I nodded in agreement. “And he knew better than anybody exactly when Carol and the kids were going to be out of the house that morning.”
“So would anyone who looked at her refrigerator,” Monk said.
I was surprised that Monk had noticed her calendar on the refrigerator, but I shouldn’t have been. He notices everything, even when it appears he isn’t paying any attention at all.
“I wouldn’t rule Carol out as a suspect just yet,” Monk said. “She might have known that her husband was out of work.
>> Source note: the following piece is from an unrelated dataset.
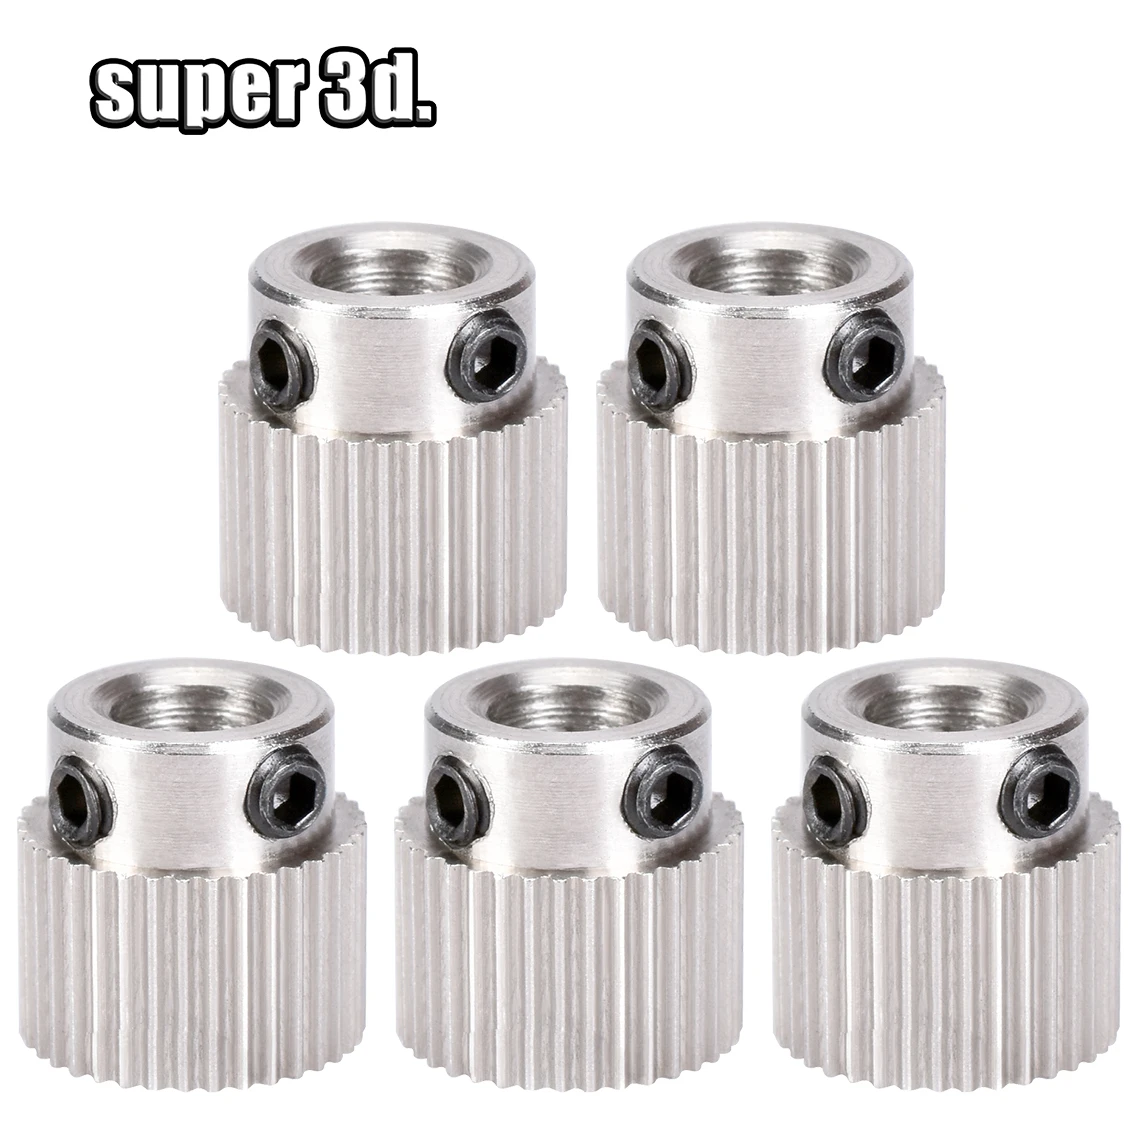 8mm Bore 3D Printer MK7 Stainless Steel Extrusion Gear

The two of them could have planned the murder together.”
“But they were already living off her dad’s money,” I said. “What did they have to gain from killing him?”
“Taking care of him was a burden,” Monk said. “And there was the danger posed by his warts.”
“What warts?” Danielle asked.
“Carol told us at the wake that he was covered with them,” Monk said.
“She wasn’t being literal,” I said. “ ‘Warts and all’ is an expression.”
“That means he’s covered in grotesque, blistering tumors created by a highly contagious virus.”
“It means she loved him despite the fact that he wasn’t a perfect person,” I said, then turned to Danielle. “Maybe you could elaborate on that.”
She explained that Peschel dropped out of high school and drifted up and down the state, working as a manual laborer in agriculture and construction for a few years, before landing back in San Francisco, where he did all kinds of odd jobs, like taxi driver, short-order cook, ditchdigger, and, finally, bartender at a Tenderloin dive called Lucky Duke’s.
Along the way, Peschel built up a police record of minor offenses, like assault, petty theft, and drunk-and-disorderly conduct. He also did some “debt collection” for Bobby Fisset, a big racketeer in the city during the late fifties, early sixties.